How to complete this task:
Within the listing that follows, reproduce exactly the lines starting at the line with "AUTOMATVÅPEN: Den andre" and ending at the line with "MK Toilet Tattoos-364650", inclusive, and only those. Pictures are dropped.

──────── Data for review ────────

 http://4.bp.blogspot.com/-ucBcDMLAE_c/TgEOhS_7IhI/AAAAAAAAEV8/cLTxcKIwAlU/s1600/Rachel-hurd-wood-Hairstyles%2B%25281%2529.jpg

────────
──────── Data for review ────────

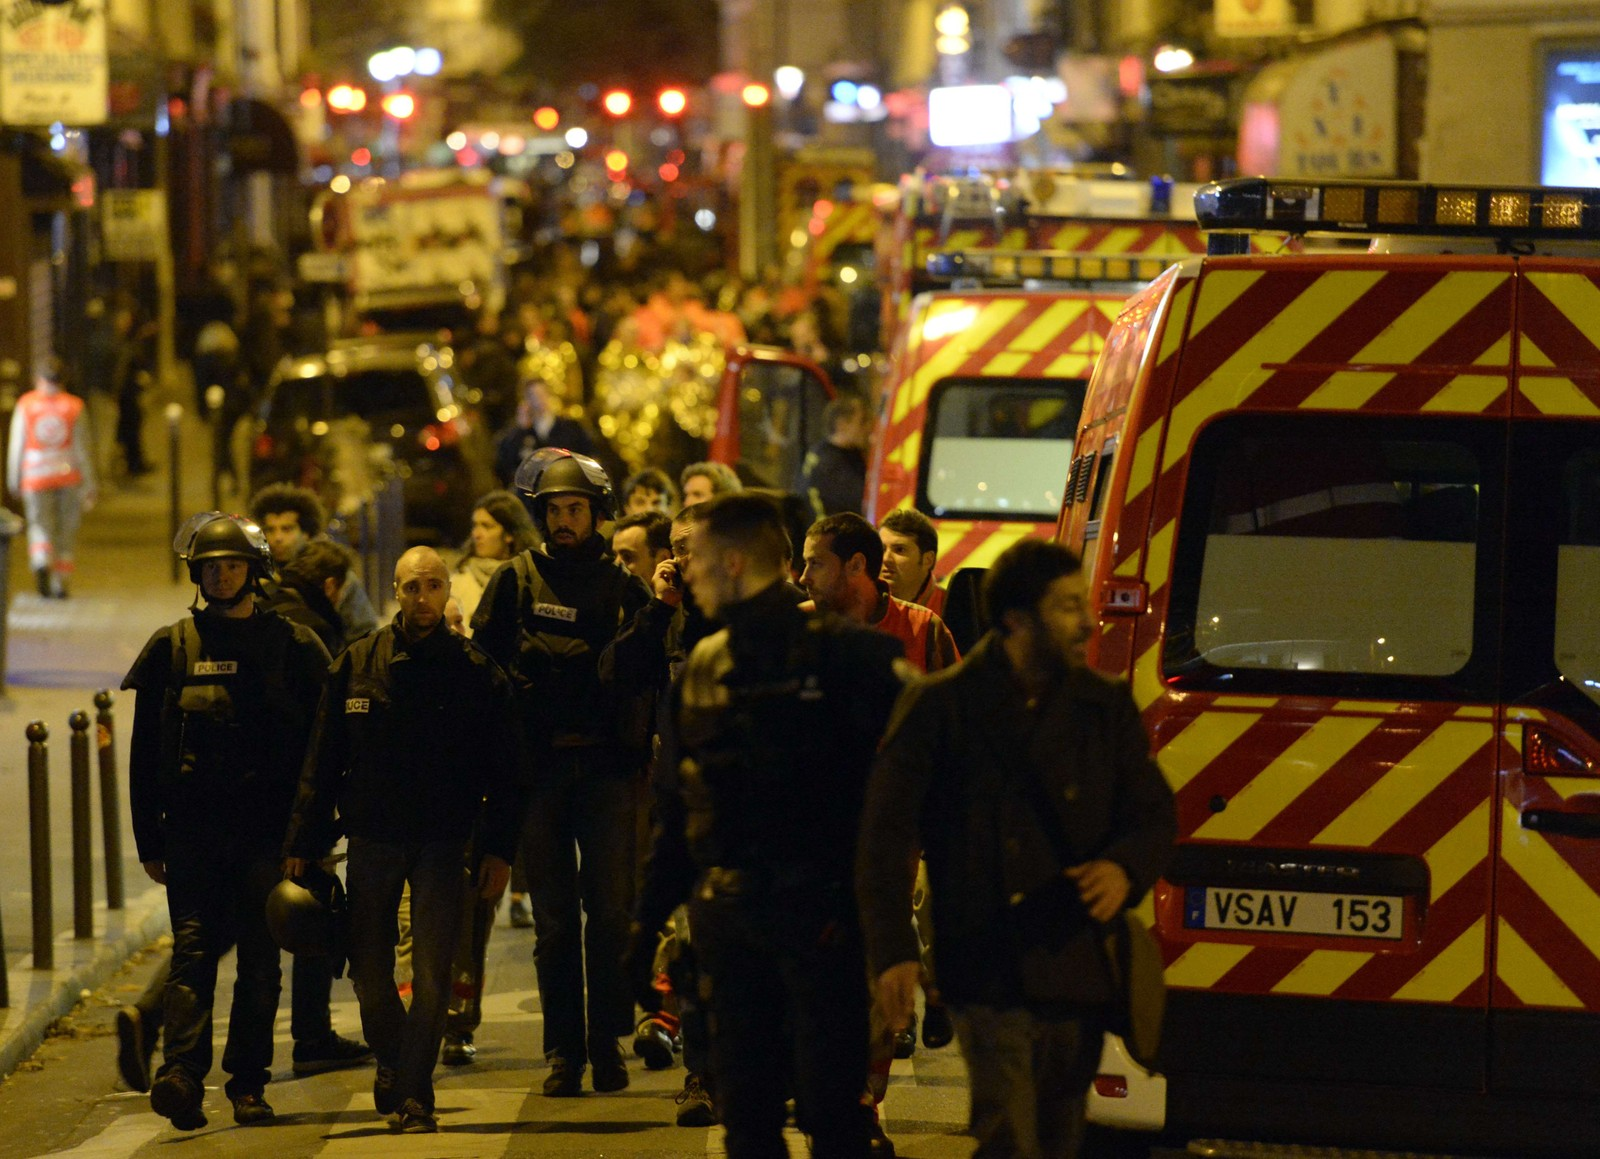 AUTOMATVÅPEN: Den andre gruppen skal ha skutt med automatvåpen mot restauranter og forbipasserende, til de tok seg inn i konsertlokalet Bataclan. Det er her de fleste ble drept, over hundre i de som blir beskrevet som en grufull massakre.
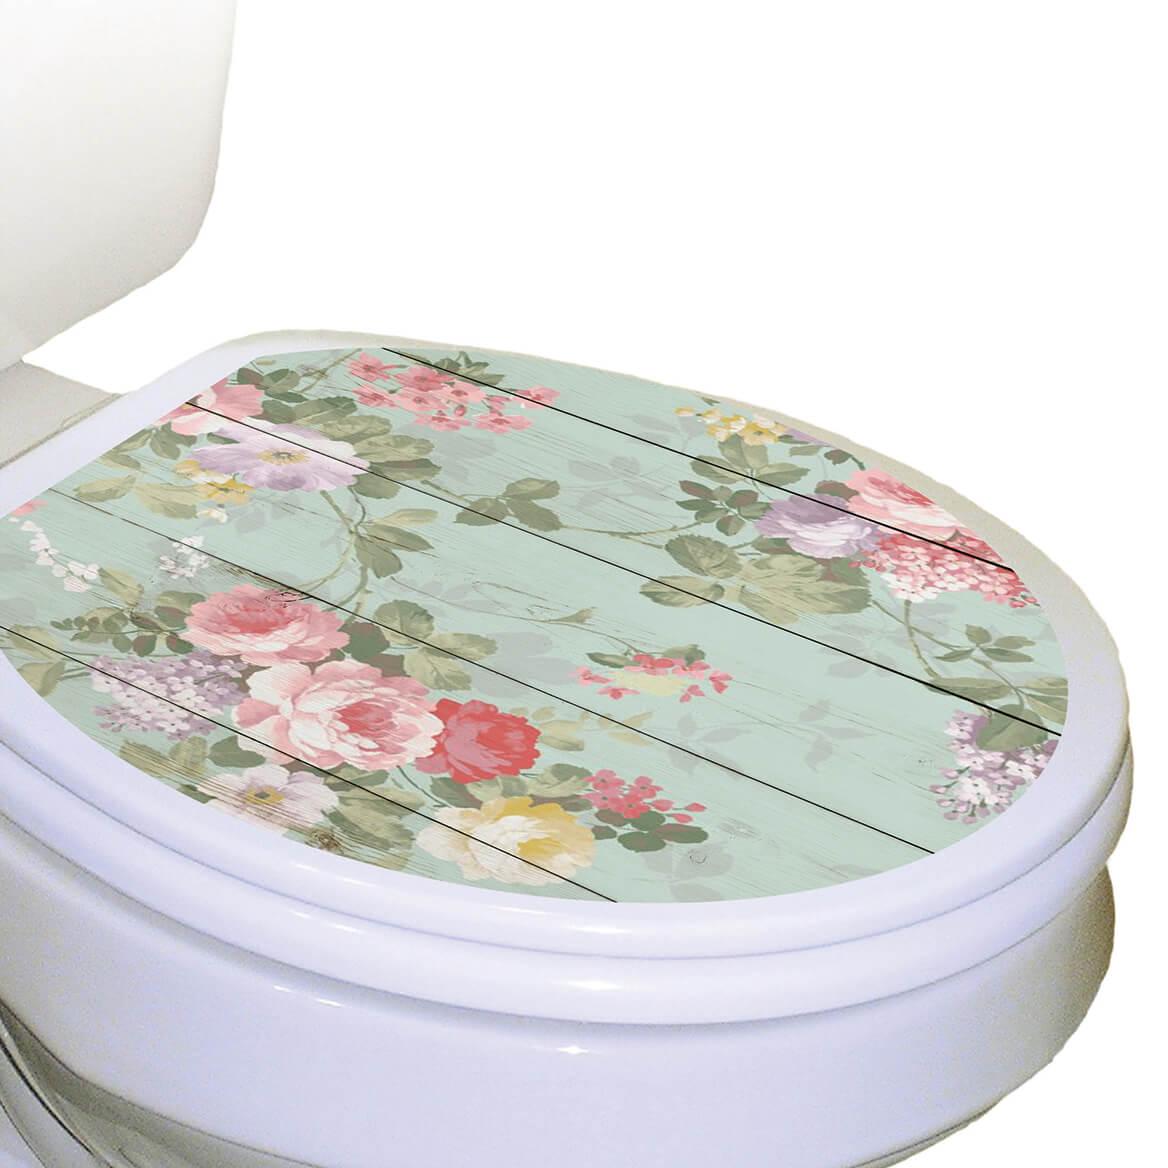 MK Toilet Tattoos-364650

────────
──────── Data for review ────────

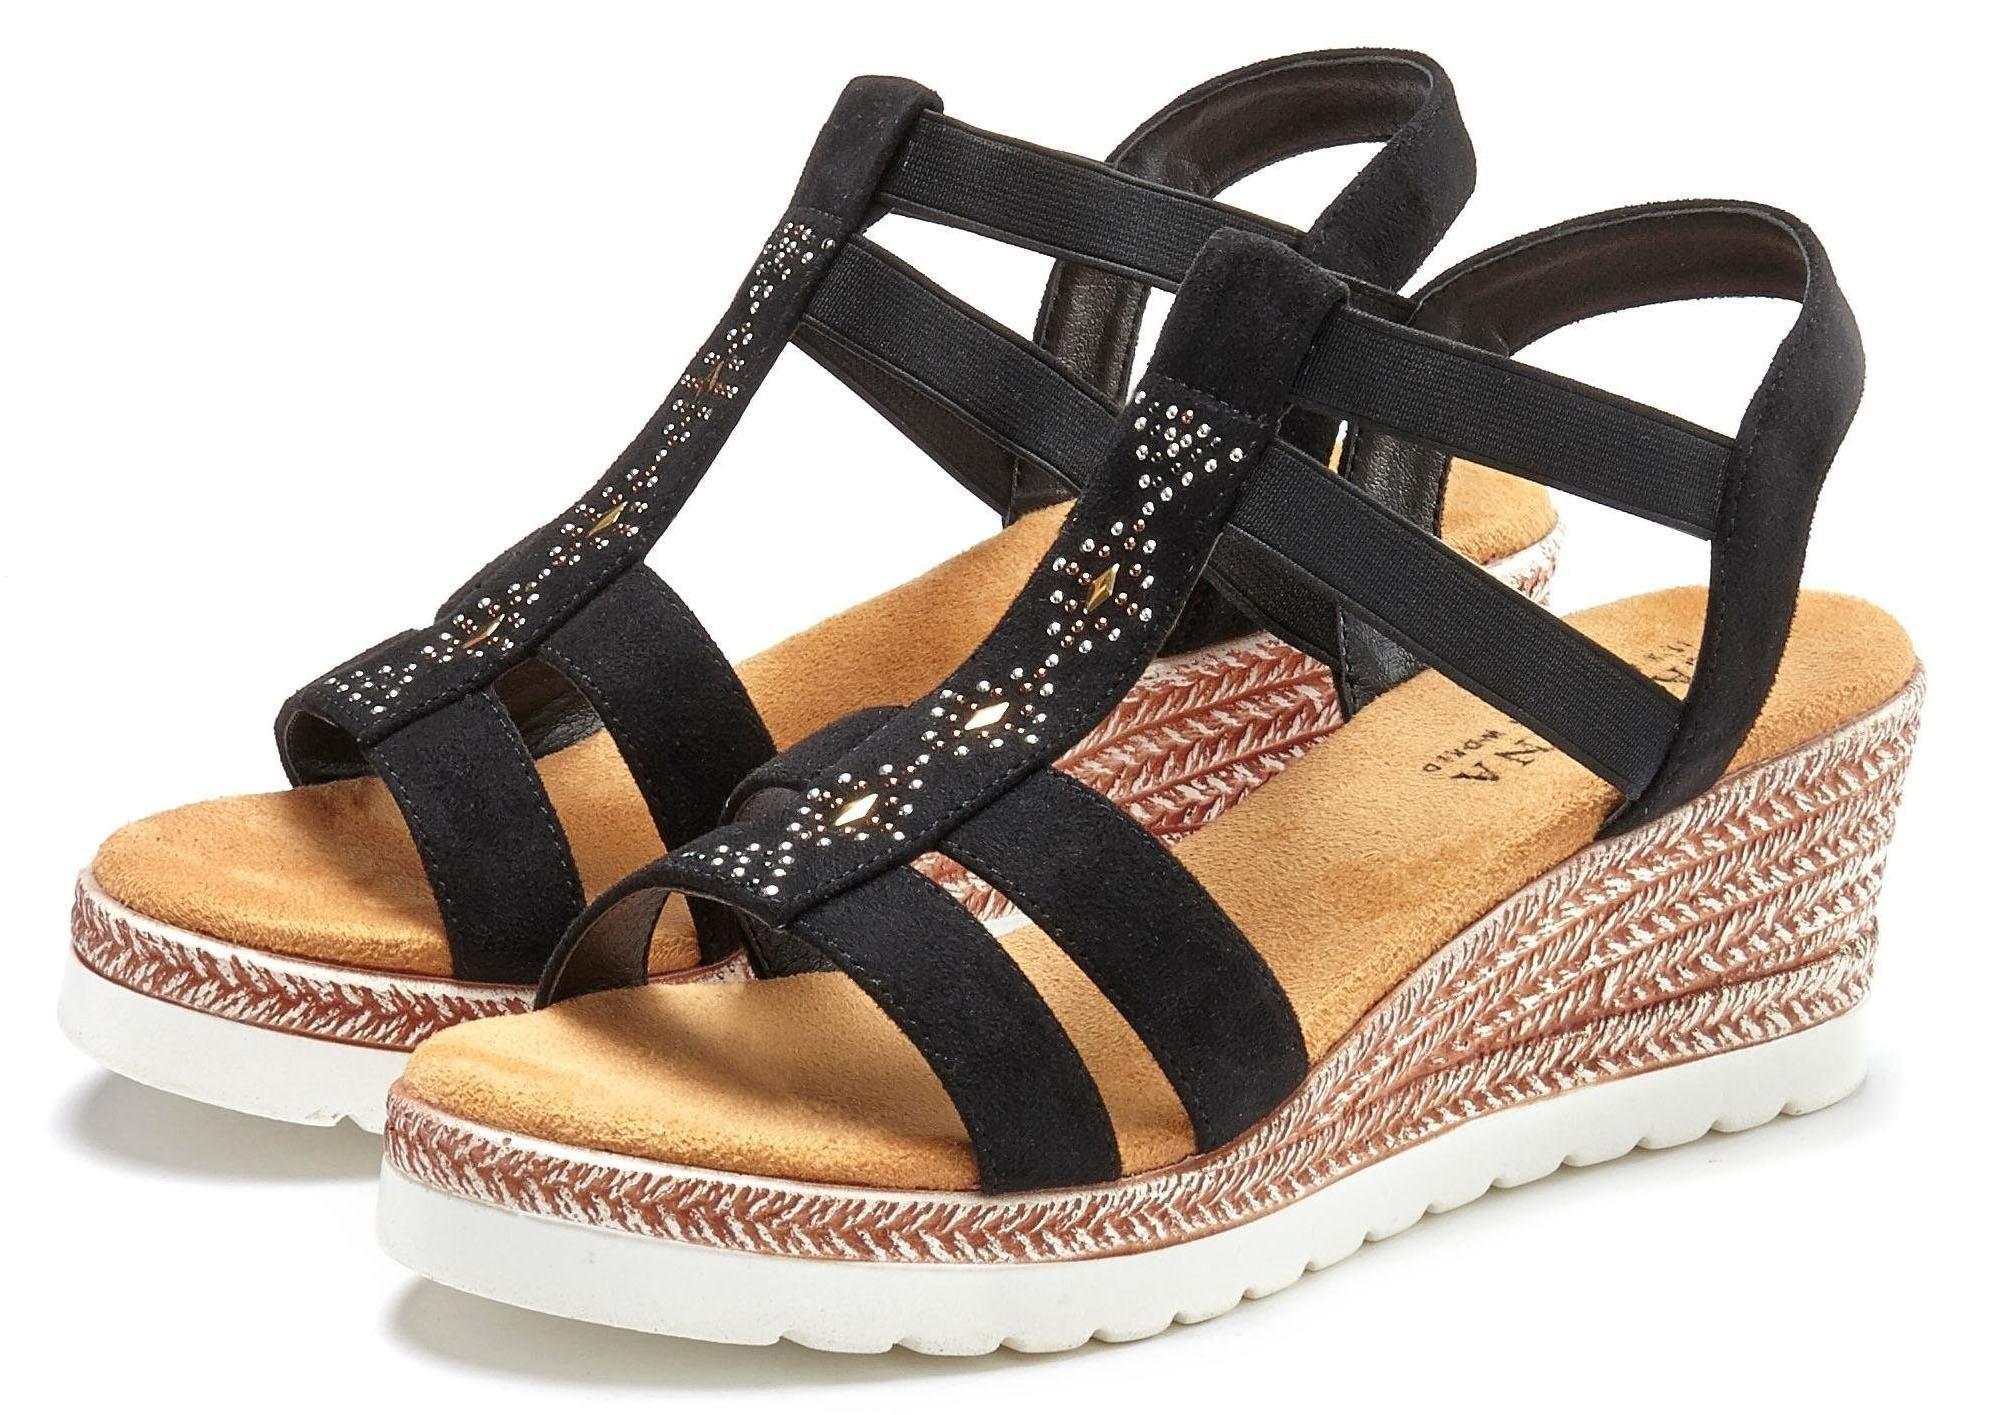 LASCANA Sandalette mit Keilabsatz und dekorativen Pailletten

────────

Output below:
 AUTOMATVÅPEN: Den andre gruppen skal ha skutt med automatvåpen mot restauranter og forbipasserende, til de tok seg inn i konsertlokalet Bataclan. Det er her de fleste ble drept, over hundre i de som blir beskrevet som en grufull massakre.
 MK Toilet Tattoos-364650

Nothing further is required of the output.